49% of Execs Say IoT Benefits Trump Security Concerns
When it comes to IoT security concerns, business executives at the top levels of organizations appear not to be as worried as those at the lower levels. Almost half of executives surveyed said they believe the benefits of connected devices outweigh the concerns about security, while 34% of IT professionals and 26% of those involved at the lower level of business share that view, according to a new study by CompTIA. (IoT Daily)
Functionality trumps security. Always. If there is a way to make money off of a thing, that is going to be the priority of every commercial concern involved with that thing. To make a thing secure AND profitable is extraordinarily difficult, and not something that the market asks for anyway. This is not a moment to throw up our hands in defeat, but an opportunity to look at a technology or field and try to address security issues in novel ways, not repeating the mistakes of the past. Commodity IT security is far more of a lost cause that IoT, though the window of opportunity to avoid disaster is dangerously small.
Government ‘Not Cool Enough’ for The Best Cybersecurity Talent, Admits MoJ
The creme de la creme of cyber security talent don’t think working in government is “cool”, according to an internal recruiter at the Ministry of Justice. In a blog post, the recruiter said that he had interviewed his 10th candidate in three months for a security engineer role, but lamented the fact that security-minded people who can think originally don’t perceive working in Whitehall as cool. The MoJ recruiter said that the perception that if [security professionals] were to work for government, they would “forever be in a dank corner, trying to troubleshoot memory issues in some mid-90s middleware, and be valued by how many colour-coordinated reports they can churn out” wasn’t true. (ITPRo)
Public Yawns at Threat of Cyber Crime
The seemingly impenetrable National Security Agency was hacked recently. So was the Democratic National Committee, and voter registration offices in Illinois and Arizona. It’s been a summer of escalating cyberattacks — a trend that government officials say could lead to a “cyber Pearl Harbor.” So where’s the public outrage? Has the public simply accepted cyberattacks as part of life? Not quite. Cybersecurity experts say people aren’t crying for protection because the attacks, for the most part, have yet to hurt them personally. Oh, and the topic is boring. (San Diego Union Tribune)

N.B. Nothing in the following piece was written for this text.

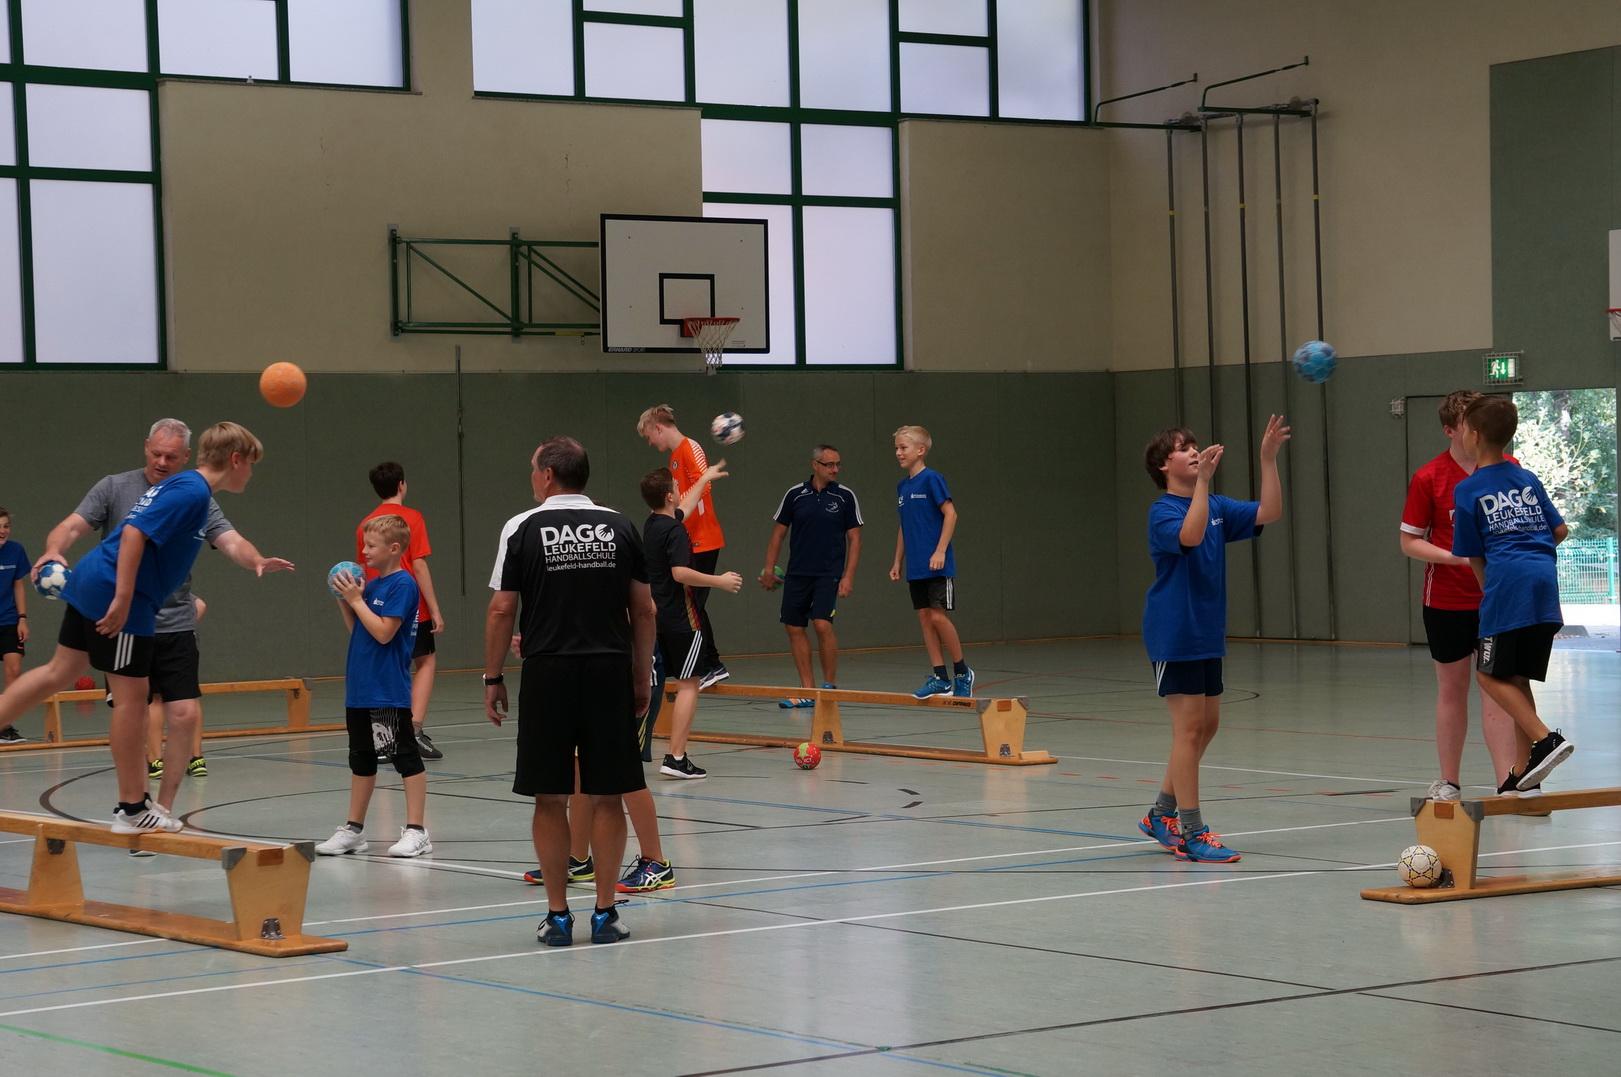 201808_Handballcamp_SDH_MG_181w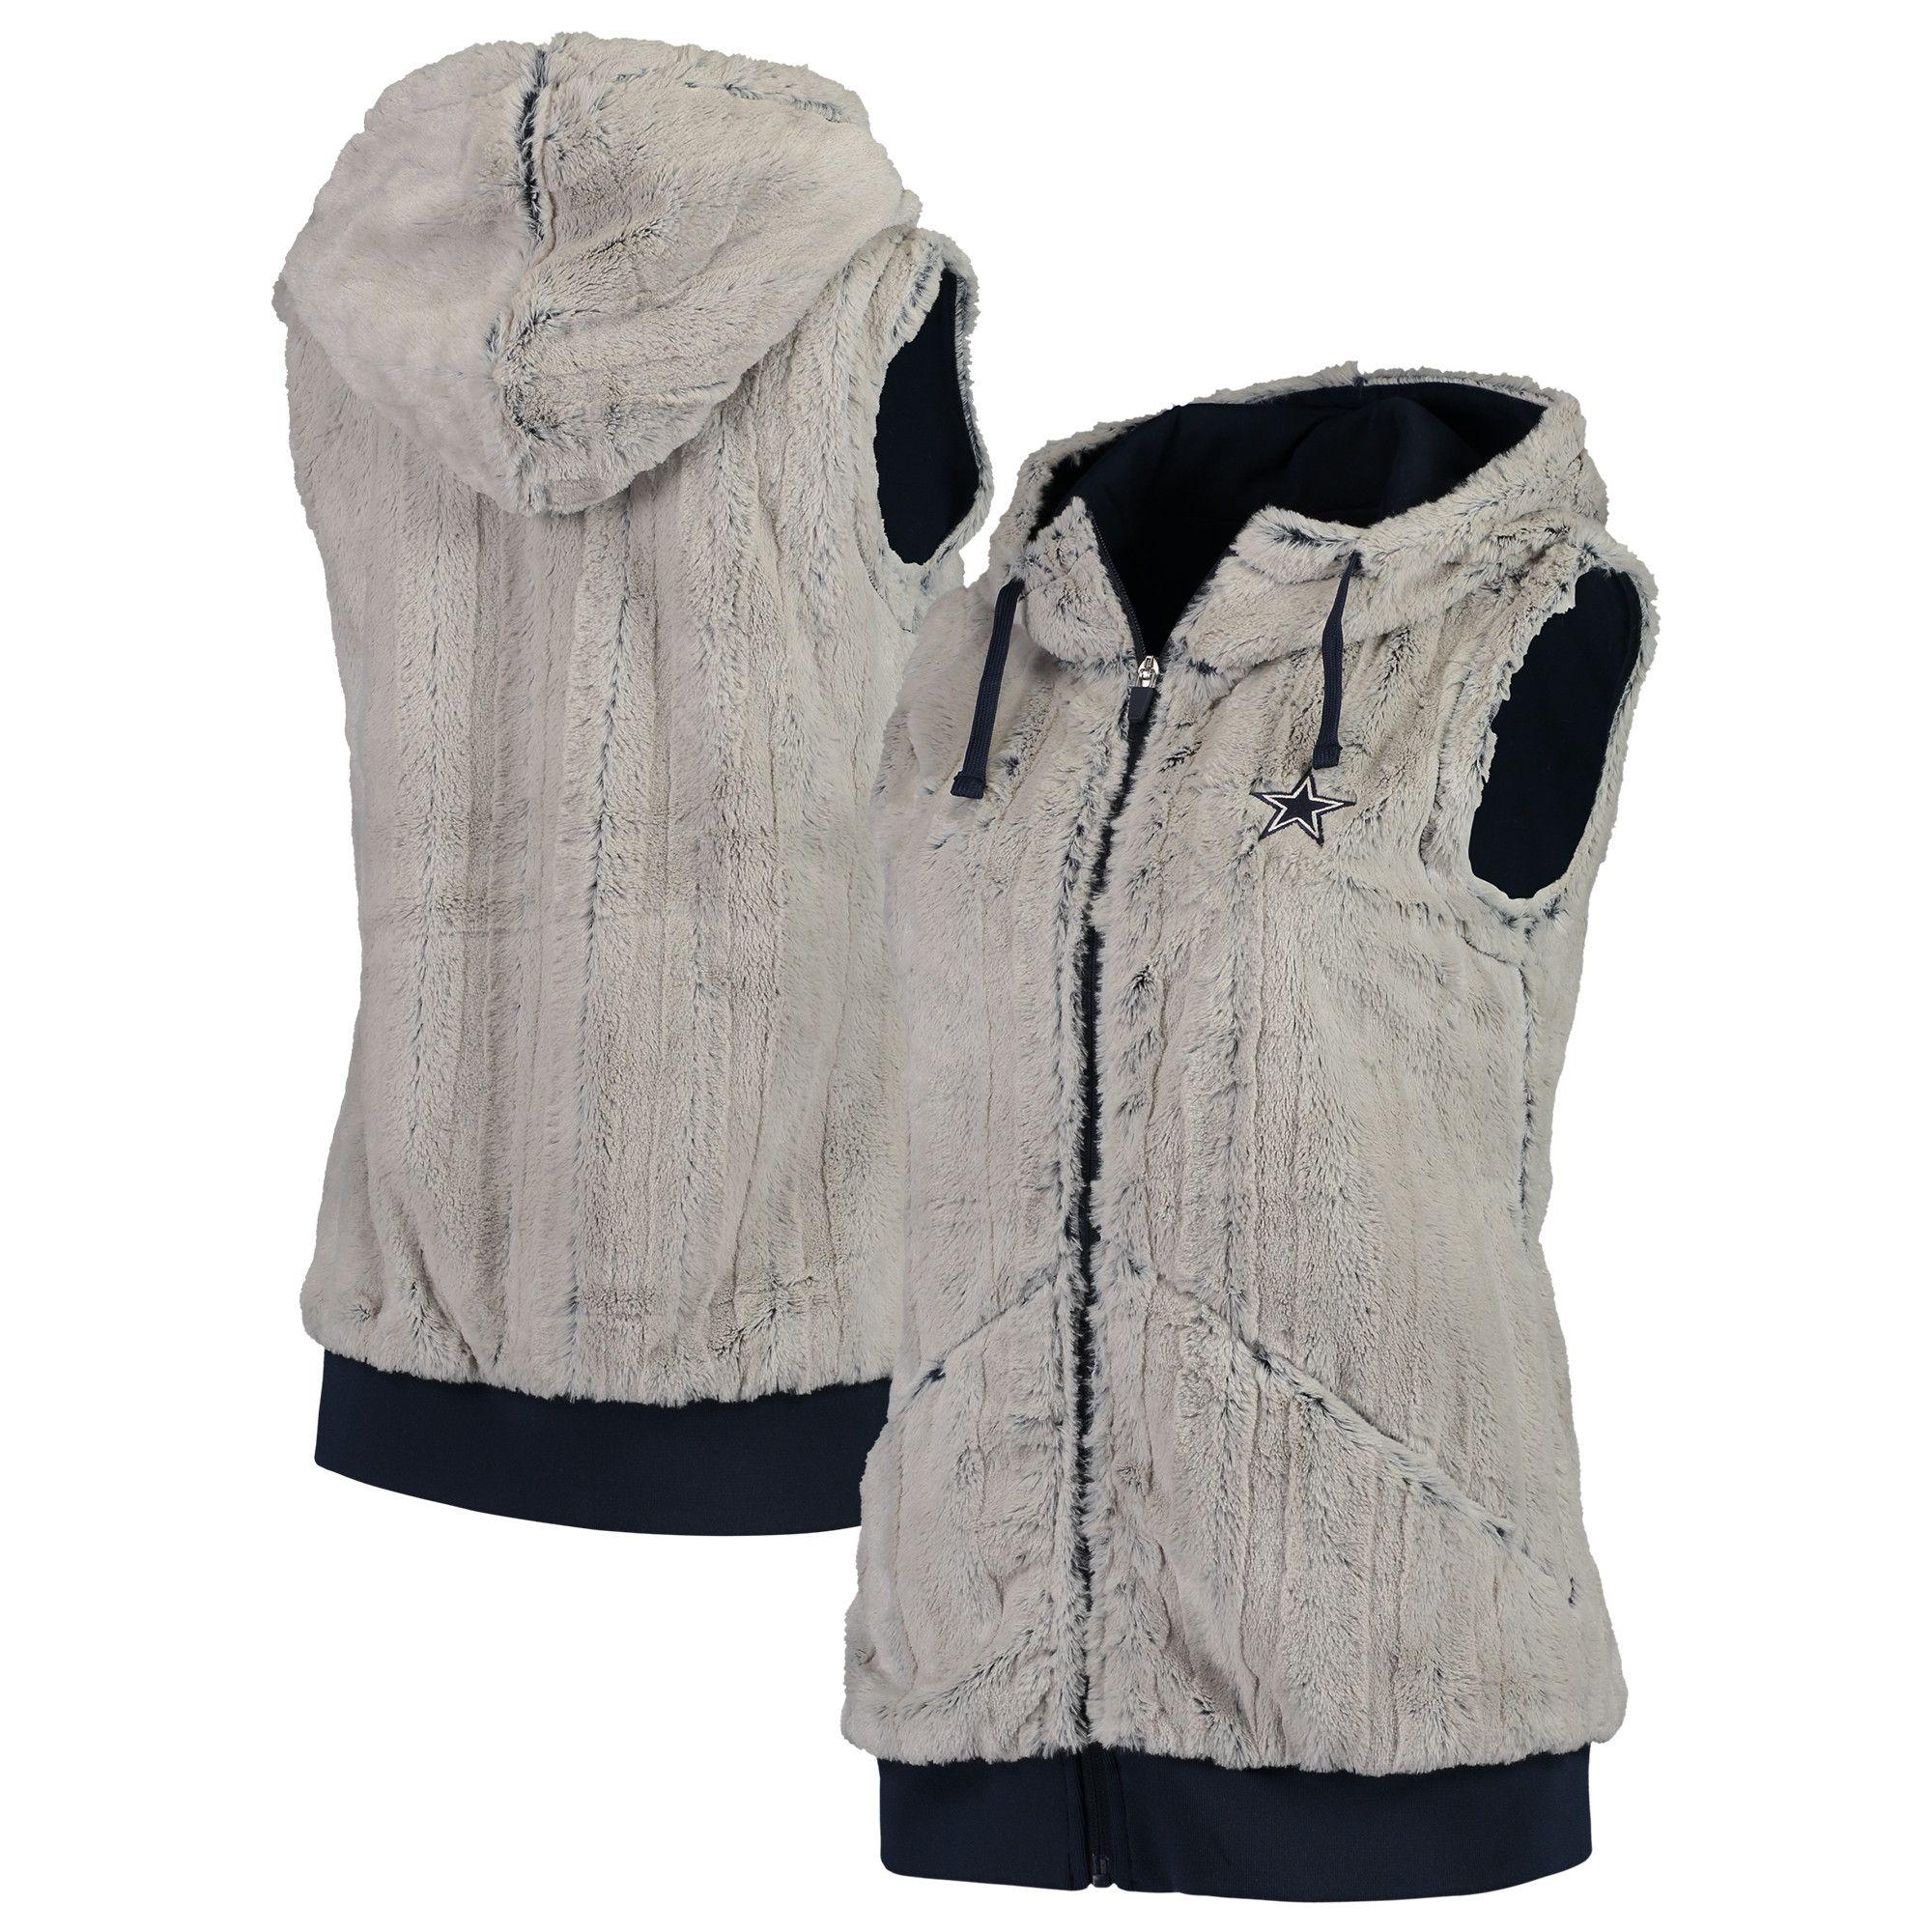 finest selection 22091 1f8dc NFL Dallas Cowboys Antigua Women's Rant Hooded Full-Zip Vest ...

Your regular reminder that security is not the issue we think it is. When it is trivial to make you whole after a breach, when the cost of breaches are painlessly passed on to consumer, when the level of effort required to bring a cyber criminal to justice far and away outweighs the penalties they will suffer (or that are recoverable), cyber crime is never going to rise to the level of much more personal and painful meat-space crimes. As the U.S. District Court for DC recently pointed out: there is being a “victim” and there is being a victim. Most people are not victims.